Daftar Isi
Dilema Sandwich Generation
Sandwich Generation: Ungkapan yang kini umum diberikan sebagai perumpamaan bagi orang-orang di rentang usia tertentu yang berada dalam kondisi terjepit di antara 2 generasi, generasi Orangtua (dan keluarga besar) di atasnya, dan Anak-anak sebagai generasi di bawahnya.
Sebagai manusia normal, Kita akan melalui siklus hidup yang terjadi pada mayoritas manusia pada umumnya:
Terlahir ke dunia – Tumbuh besar – Mengenyam Pendidikan – Bekerja dan Mencari Nafkah – Menikah – Memiliki Keturunan – Memasuki Usia Senja – dan Menunggu Ajal Datang Menjemput
Bagi kebanyakan orang, jarak waktu yang dimiliki antara bekerja dan melangsungkan pernikahan tidaklah lama. Begitu lulus sekolah, kemudian bekerja dan lantas menikah.
Belum sempat memikirkan apa yang diinginkan dan dibutuhkan dalam kehidupannya sendiri, tetiba sudah dihadapkan dengan seluruh kewajiban sebagai Orangtua baru yang tidak pernah terbayangkan sebelumnya. Tetiba menyadari jika hidup yang dijalani bagaikan rangkaian gerbong kereta yang berisi kewajiban dan kewajiban.
Seolah banyaknya kewajiban sebagai pasangan dan Orangtua baru belum cukup panjang untuk menjadi antrian perhatian dan pemikiran bagi pasangan muda, di sisi lain, masih harus dihadapkan dengan perhatian yang sama besarnya untuk kedua Orangtua tercinta ataupun keluarga besar lainnya.

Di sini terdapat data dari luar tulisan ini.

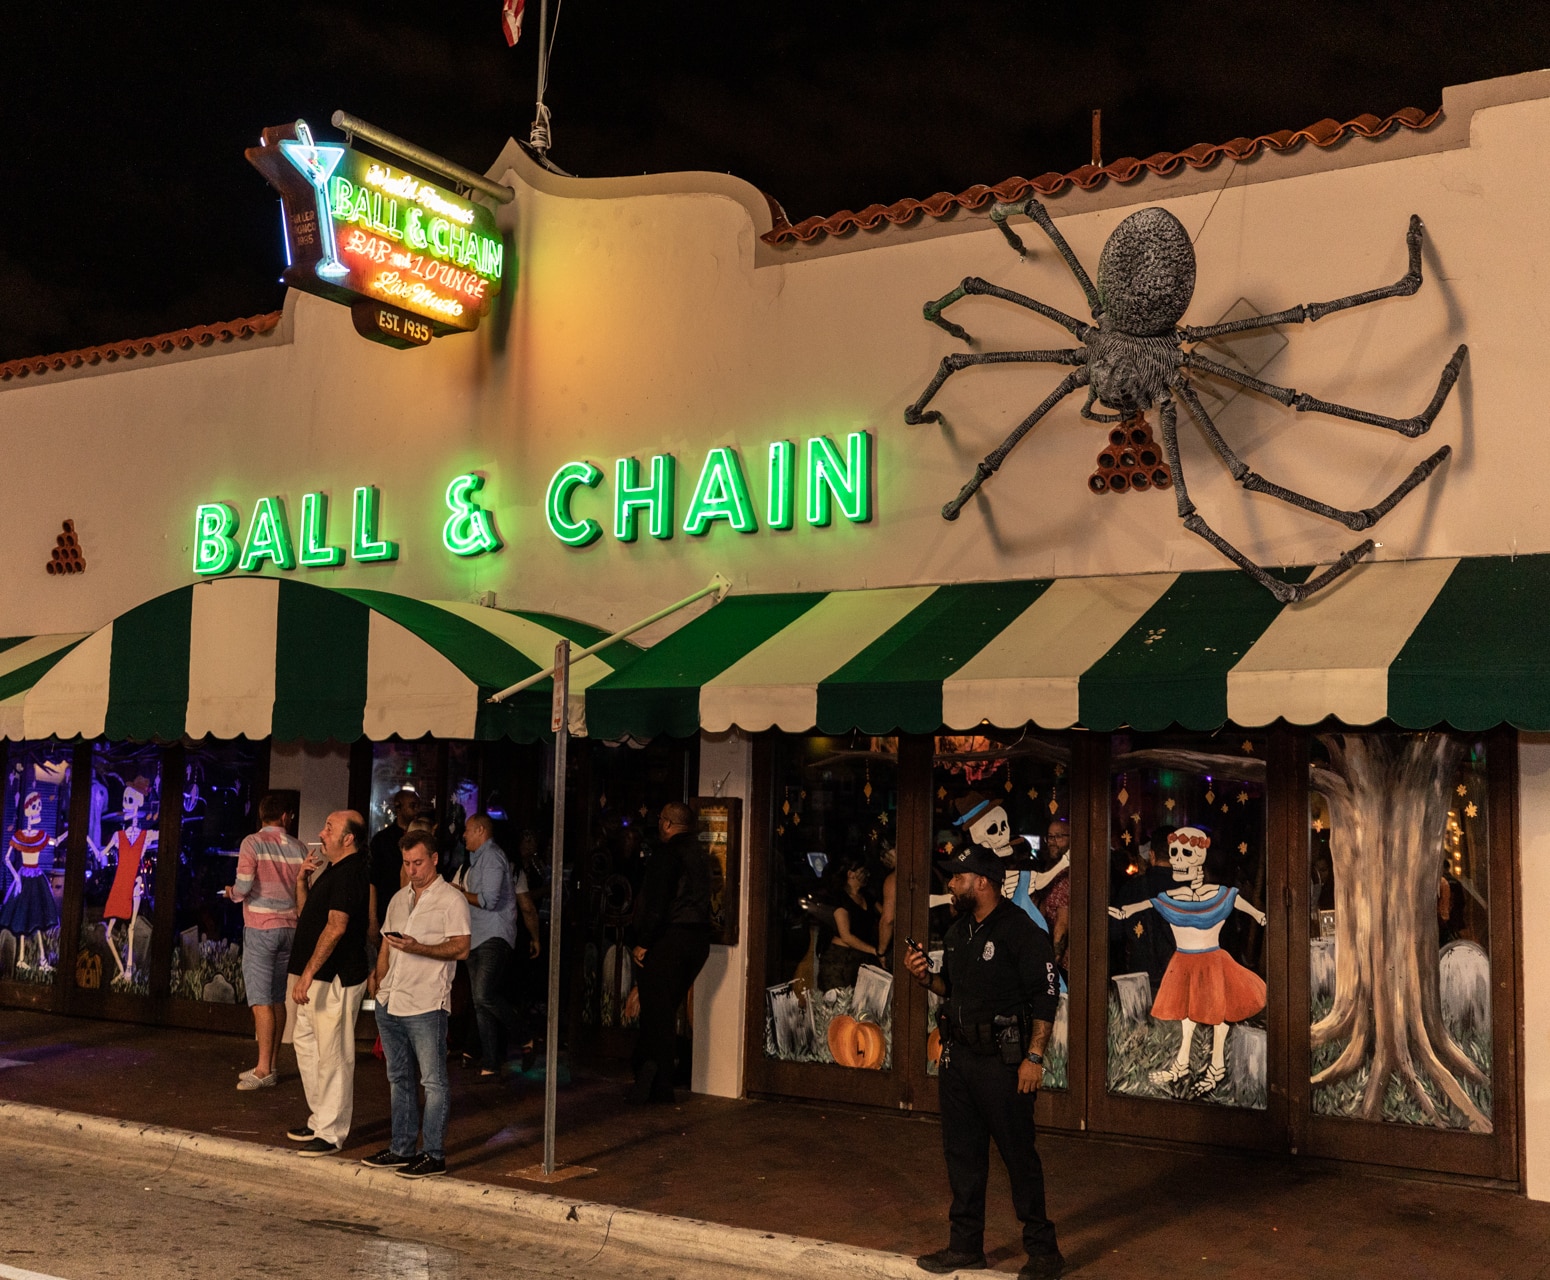 Ball & Chain Halloween decor with a giant spider at the entrance
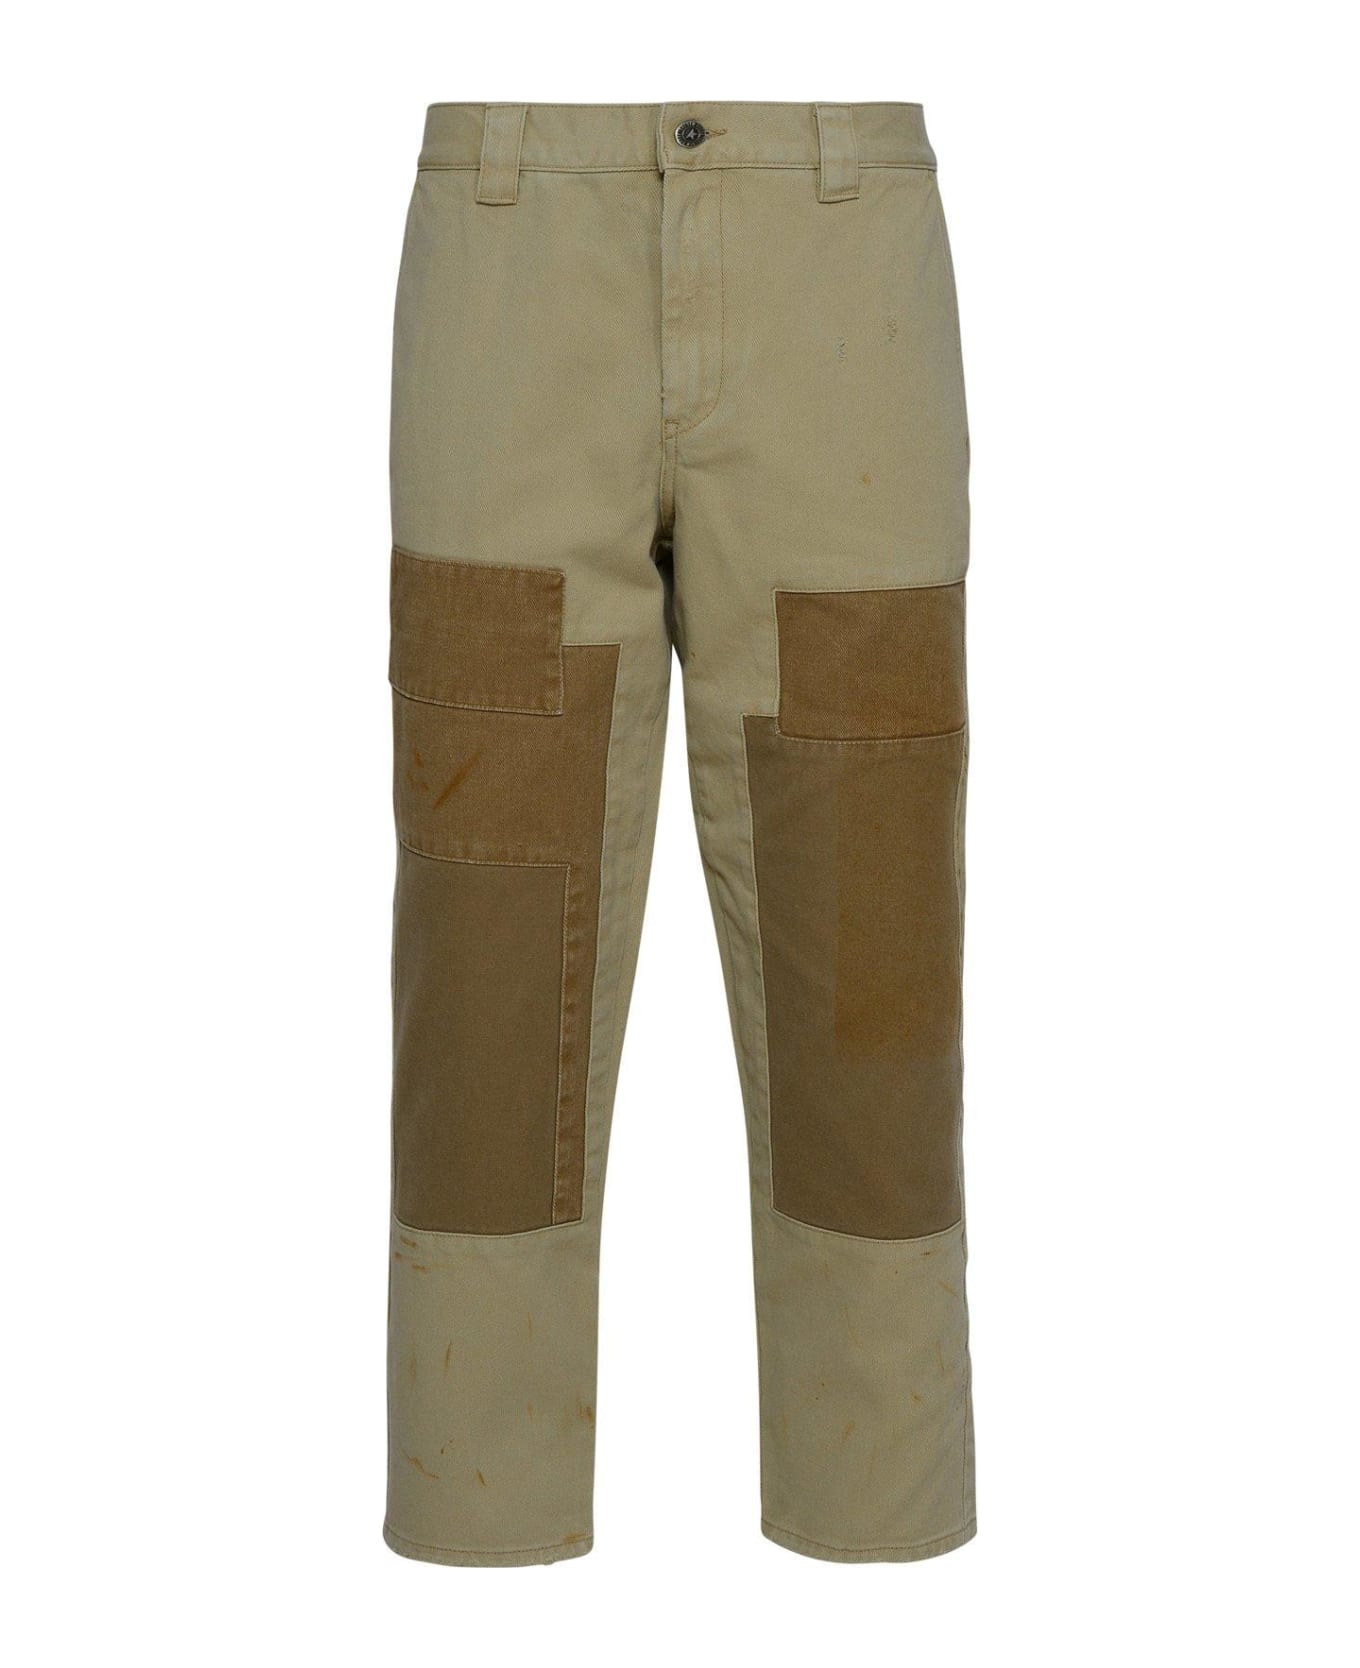 Golden Goose Panlled Trousers - Yellow Cream

Di satu sisi harus menghitung besaran kebutuhan dan kesejahteraan untuk keluarga kecil Kita, dan di sisi lain juga harus mempertimbangan kenyamanan dan kestabilan untuk Orangtua tercinta yang telah bersusah-payah merawat dan membesarkan Kita hingga menjadi seperti saat ini.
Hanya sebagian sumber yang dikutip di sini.